1. Environment

  • Vagrant: create and configure lightweight, reproducible dev environments (local Kubernetes cluster)

2.1 Basics

2.1.1 Concepts

  • Operator: describes a single task in your data pipeline.
  • Task: an instance of an operator
  • Workflow: everything defined in Airflow.

Architecture

  • architecture diagram

2.2 Installation

  • Using docker
    • Docker mysterious image tags, e.g. slim, buster, etc.
    • buster is Debian release names, makes sense..
    • Alpine Linux is a distro:
      • The Alpine Docker image is extremely popular as it is only 5.5MB and includes a package manager with thousands of packages.

      • Uses musl, a relatively new C standard library (therefore occasional compatibility issues).
    • Ctrl + D to log out of current su’ed user.
    • Build the image: docker build -t airflow-basic .
      • Check with docker image ls
    • Run the image: docker run --rm -d -p 8080:8080 airflow-basic
      • --rm means Automatically remove the container when it exits.

2.3 Airflow UI

  • Stop the current docker docker container stop [Container ID]
  • Start new container: docker run -p 8080:8080 -d airflow-basic
  • To see stopped containers: docker ps -a | grep Exit

2.4 Airflow CLI

  • airflow initdb: do it at start, or after you change the metadata DB.
  • airflow resetdb: reset metadata
  • airflow upgradedb: upgrades to the latest version.
    • The same as airflow initdb after the first run
  • airflow webserver -p [port] -w [num_workers]: webserver instance
  • airflow scheduler
  • airflow worker

2.4.1 DAGs and CLI

  • airflow list_dags
  • airflow trigger_dag
  • airflow list_tasks
  • airflow list_dag_runs
  • airflow test [DAG_ID] [TASK] [Execution_date]

3.1 First DAG

3.1.1 Docker

  • Avoids debugging process while installation..
  • Because it is standardized, and isolated process.

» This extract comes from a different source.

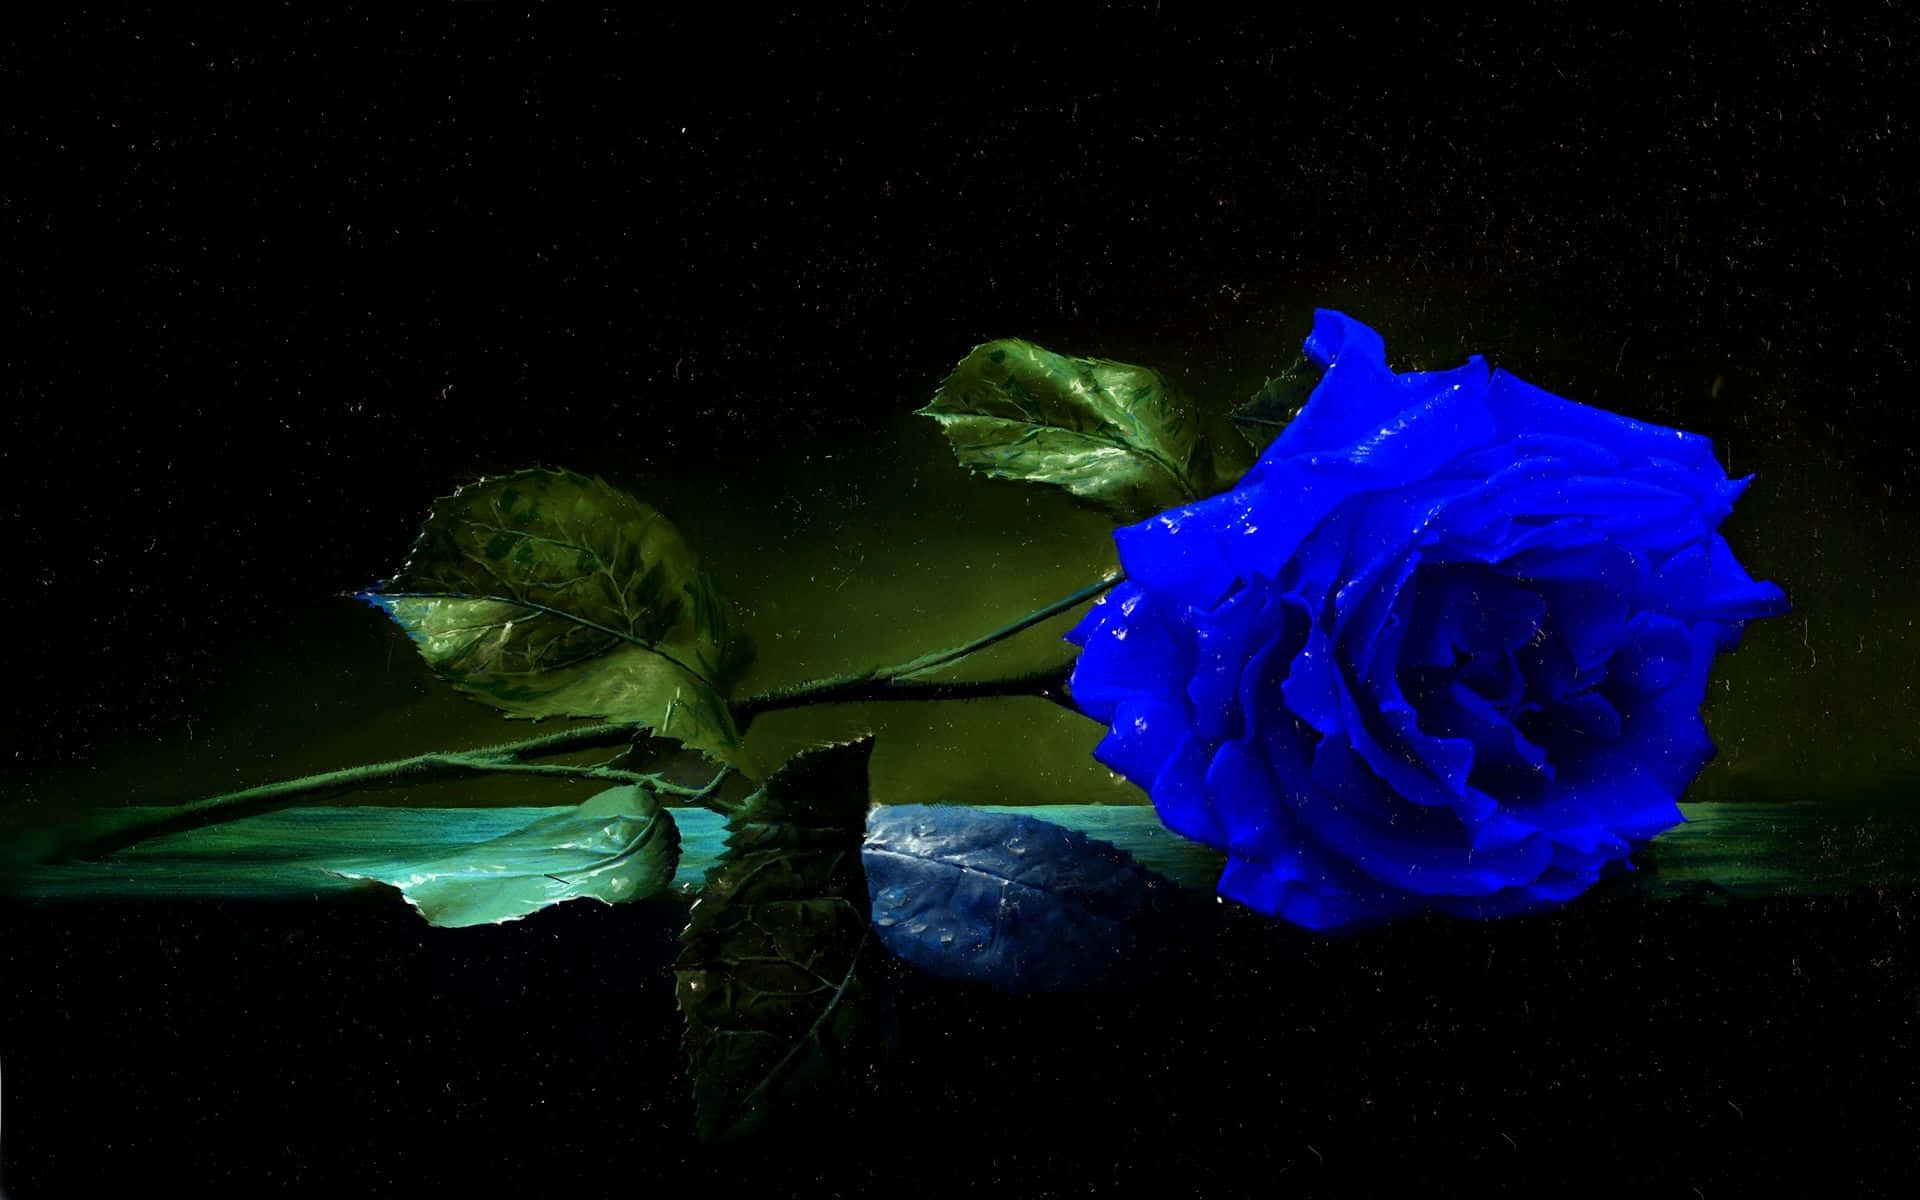 A Stunning Blue Rose, Symbolizing The Rare And Mysterious. Background

4 Following Official Tutorial

Following official tutorial using docker compose other than local installation.

4.1 Specific Issues Encountered in Current Version (2.0.1)

  1. Error: WARNING - Exception when importing ‘airflow.providers.microsoft.azure.hooks.wasb.WasbHook’ from ‘apache-airflow-providers-microsoft-azure’ package: No module named ‘azure.storage.blob’
  2. Error: (webserver already started at PID …)
    • killall -9 airflow
  3. Error running backfill Airflow command
    • Found issue discussion here
    • Changing image to python 3.8 version will fix it (originally it was a python 3.6 image)

4.2 General Issues

  1. Error: webserver exited with 137
    • Increase your Docker memory configuration..

4.3 Notes (Learnings)

  1. Flower (container)
    • web based tool for monitoring and administrating Celery clusters.
  2. Creating a new DAG: DAG name is NOT the file name, it is defined in Python Dag code param..
  3. DAG execution date
    • The execution date is not the actual DAG run date (there is a DagRun start date and end date for that)
    • execution date is normally DagRun start date - schedule_interval, which is the start time of the data being processed (think of ETL)
    • Can use {{ ds }} to find execution date (may not be the same as the date command result, which is the actual current date)
  4. Backfill task “deadlocked”
    • It means the Backfill task execution date is later than Dag end date of the Dag (defined in Dag definition, note this is not a DagRun end date, which is tied to a specific DagRun), or is in the future
  5. Triggering a task
    1. Cannot trigger a task earlier than its Dag start date (defined in Dag, not in a specific Dagrun)
      • Example error message The execution date is 2021-04-06T00:00:00+00:00 but this is before the task's start date 2021-04-16T00:00:00+00:00..
    2. Can trigger a task between Dag start date and Dag end date.
    3. Cannot trigger a task with the same timestamp (up to second) as an existing task that happened before (you should clear that usually):
      • Error message: Key (dag_id, execution_date)=(tutorial2, 2021-04-16 00:00:00+00) already exists.
      • However, you can trigger another manual task run even if it is only 1 second difference (e.g. at 2021-04-16 00:00:01+00)
  6. You can run Airflow command on a scheduler, webserver and even on a worker(?)